That woman was Priyanka Chopra; just one of the few most powerful women in the world today. 

A successful woman once said, “Ambition is like a cuss word for a woman. When a man is ambitious, he is called driven. When a woman is ambitious, it’s a bad thing. It is the irony of our world.” 

What the likes of Priyanka Chopra, Meghan Markel, Barkha Dutt, Beyonce, Sheryl Sandberg, Mithali Raj, Anne Hathaway, Angela Merkel and Hillary Clinton have in common is not just that they are global icons in their own right; but, that they are ambitious ‘to a fault’. The fault is that they all happen to be women.

The world – men and women, included – does not take well to ambitious women. Not in the past; and certainly not now.

In the Netflix show, Indian Matchmaking, this fact is reinstated every single time women are told they will have to compromise. What’s more? The fact that the world collectively chose to hate on Aparna, one of the women who are looking for love and a life partner on the show. Her fault? She knows what she wants and doesn’t want – in life and in love. 

Netflix

Meghan Markle, ex-Hollywood star, current Duchess of Sussex, TIME Person of the Year 2018 and a self-made woman. But, the world prefers her as Prince Harry’s wife. The fact that she’s ‘breaking tradition’ has earned her negative publicity with paparazzi describing her as ‘difficult‘. 

Hillary Clinton, former First Lady of the United States of America and Presidential candidate in 2016, through all her flaws remained the only woman candidate for president and still lost against a man whose extreme ideologies and sexist comments were always somehow justified with him being a man. 

“When a guy is ambitious and out in the public arena and working hard, well, that’s okay. But when a woman does it, suddenly you’re all like, ‘Well, why is she doing that?’” Barack Obama asked at an Ohio Rally, during the Presidential campaign in 2016.

As a woman, I too would like to understand the reason behind it. 

In her book, Trainwreck: The Women We Love to Hate, Mock, and Fear… and Why, Sady Doyle explains how we don’t just want women to fail, we need it. Speaking further about this desperate need, Doyle wrote in The Guardian

“Female failure is a live demonstration of all our stereotypes about female weakness, and a confirmation of all our old prejudices against women entering the public sphere.” 

Even religious scriptures do their bits to keep the ‘ambition’ in check.  

The Bible’s New Testament, Book of Timothy 1 – chapter 2, verses 11 & 12: 

“A woman must learn in quietness and full submissiveness. I do not permit a woman to teach or exercise authority over a man; she is to remain quiet.”  

In the Manusmriti, it is written: 

“Men must make their women dependent day and night, and keep under their own control those who are attached to sensory objects. Her father guards her in childhood, her husband guards her in youth, and her sons guard her in old age. A woman is not fit for independence.” 

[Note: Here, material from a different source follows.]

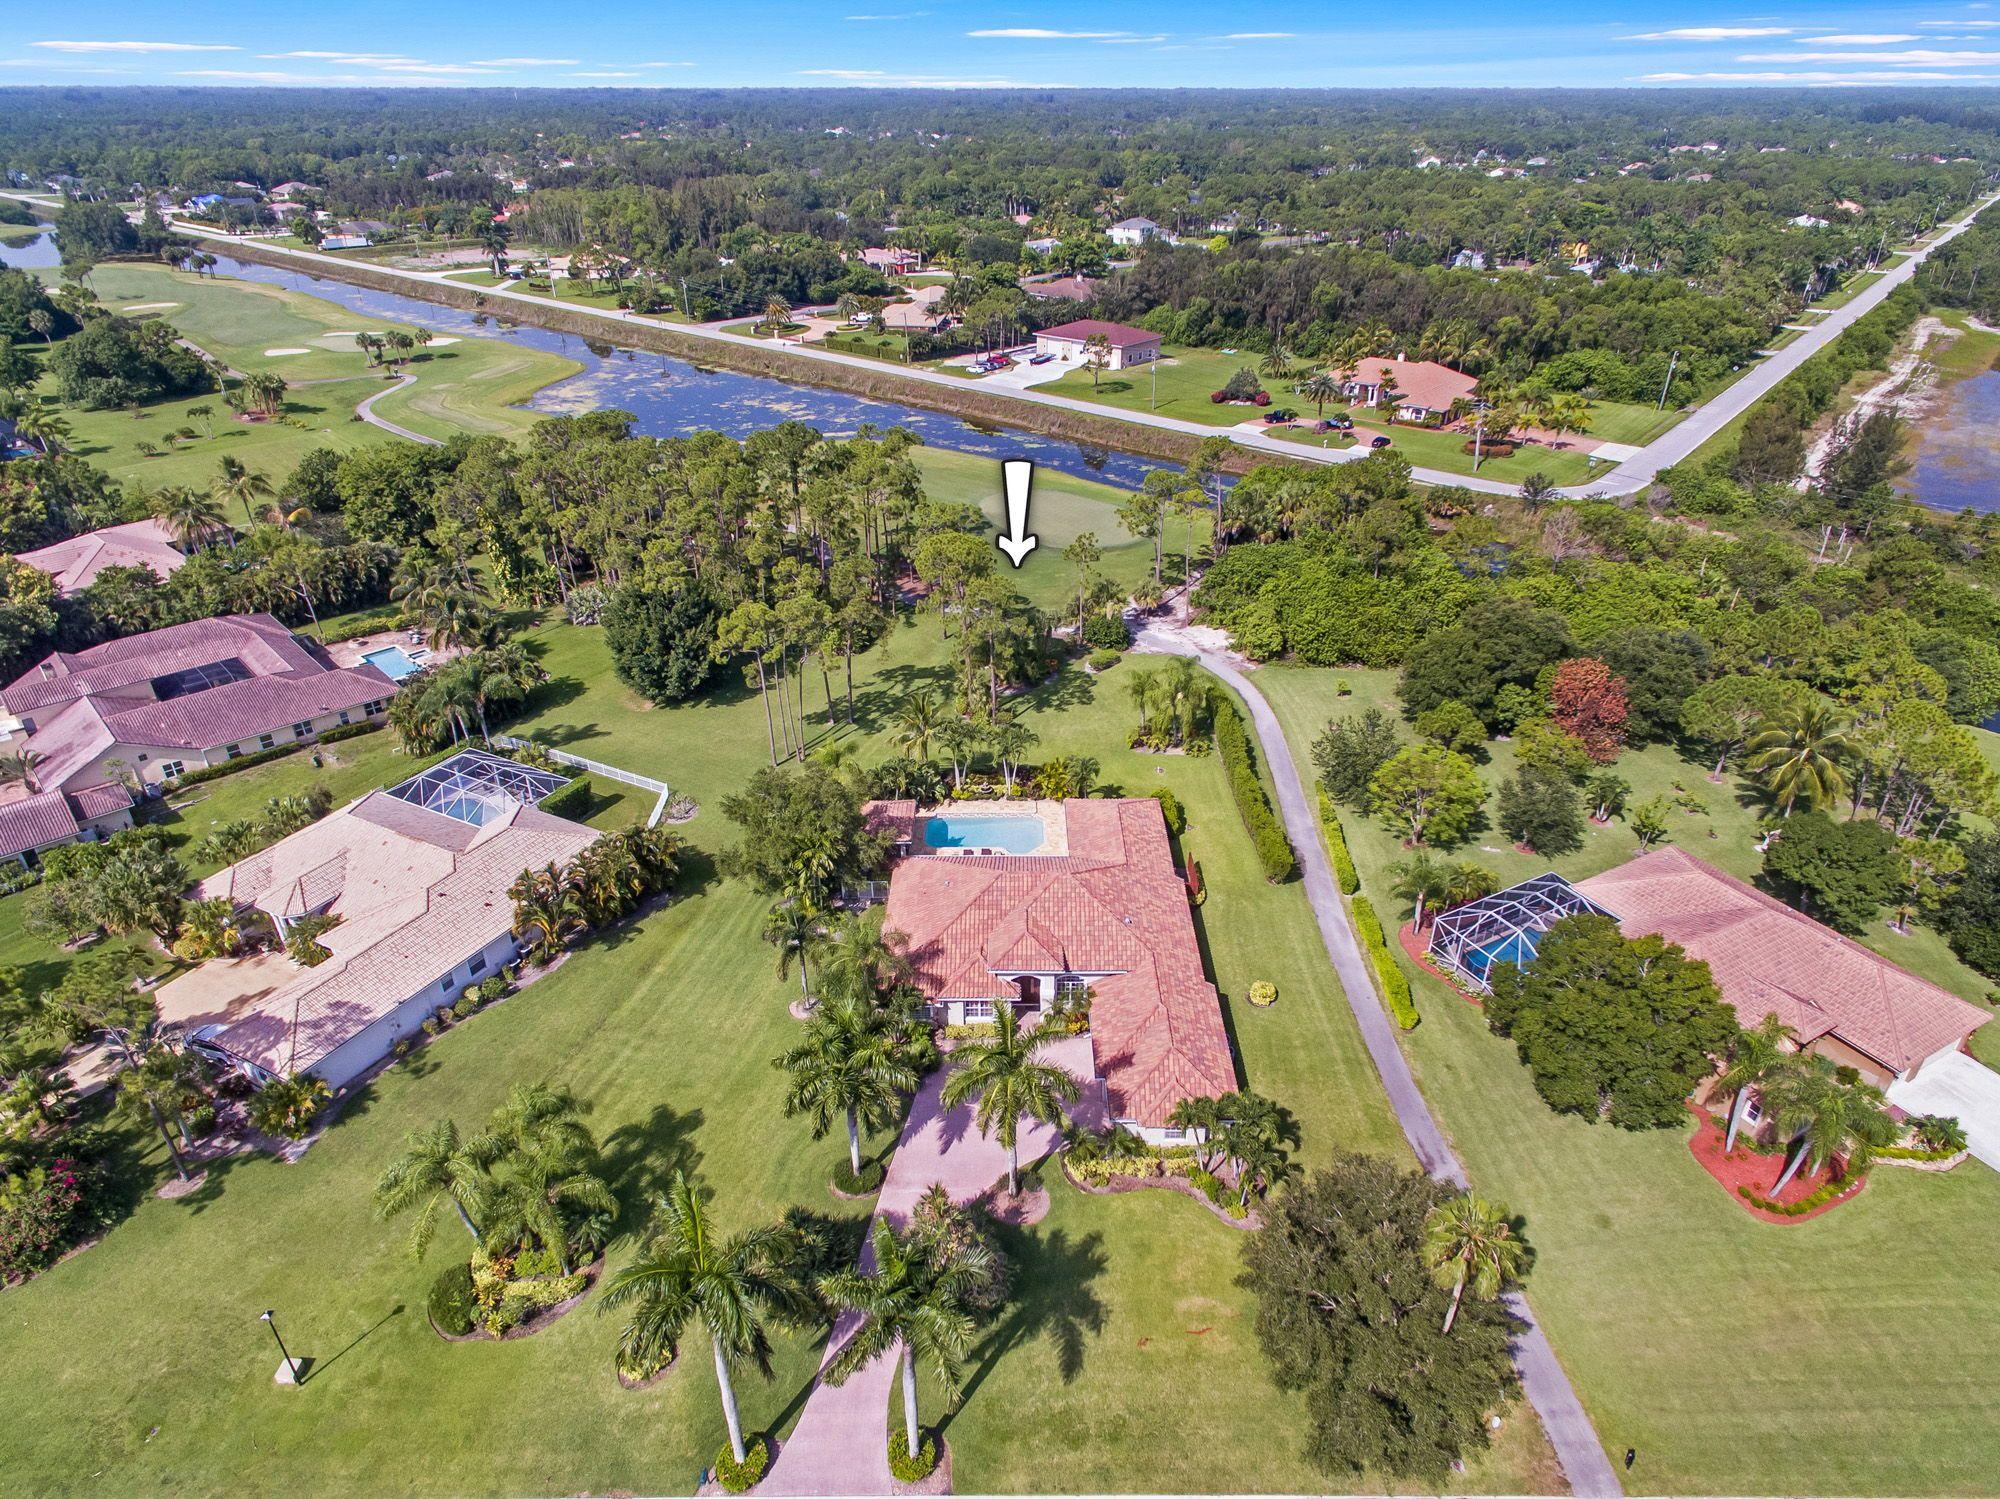 36ad107f02b0c45366653fcedf5d1a49 - Palm Beach Gardens Average Home Price

In her 1977 Nobel Prize-winning speech, Rosalyn Sussman Yalow said: 

“We still live in a world in which a significant fraction of people, including women, believe that a woman belongs and wants to belong exclusively in the home; that a woman should not aspire to achieve more than her male counterparts.”

41 years later from when she made that speech and not much has changed. 

We get reprimanded, even today, for choosing our career over marriage and family planning. And sidelined when we do, in fact, choose our careers.  

We instantly become an ‘option’, instead of a priority for men who want to date someone who is ‘marriage material’. 

In the co-working space, it’s automatically assumed that a woman’s promotion might have something to do with indecent proposals, or sexual favours. 

Our ambitions make us susceptible to a higher divorce rate in the off chance that we do, actually find somebody to marry. 

A study published by the University of Chicago, in 2016, observed how even in the 21st century, “men prefer female partners who are less professionally ambitious than they are.” 

“Men tend to avoid female partners with characteristics usually associated with professional ambition, such as high levels of education. It is relatively unlikely that a woman will earn more than her husband, and when she does, marital satisfaction is lower and divorce is more likely,” the paper stated.

As a result, women end up making a ‘trade-off’ so as to remain viable in the ‘marriage market’ because society has taught women that they can’t have it all. “Daily activities such as speaking up in meetings, taking charge of a project, working late, or even certain outfits, haircuts, and make-up can be desirable in one market and not in the other,” the study highlighted. 

68% of women reported that they would prefer a job with a higher salary that required 55-60 hours of work per week over a job with a lower salary requiring only 45-50 hours per week. But, when placed with male peers, women were 26 percentage points less likely to make this choice.

Anthropologist, Sarah Blaffer Hrdy says it is the “systematic and deliberate repression of female sexuality for millennia that really lies behind the myth of the coy, passive female.” 

After all, no one wants a woman who breaks stereotypes, earns more than the men and disrupts a carefully sculpted status quo that ensures the balance of power remains in perpetual imbalance. It’s the reason why ambitious women remain an ‘anomaly’ to societal construct.

Because, somehow, we were never really seen as equals to begin with.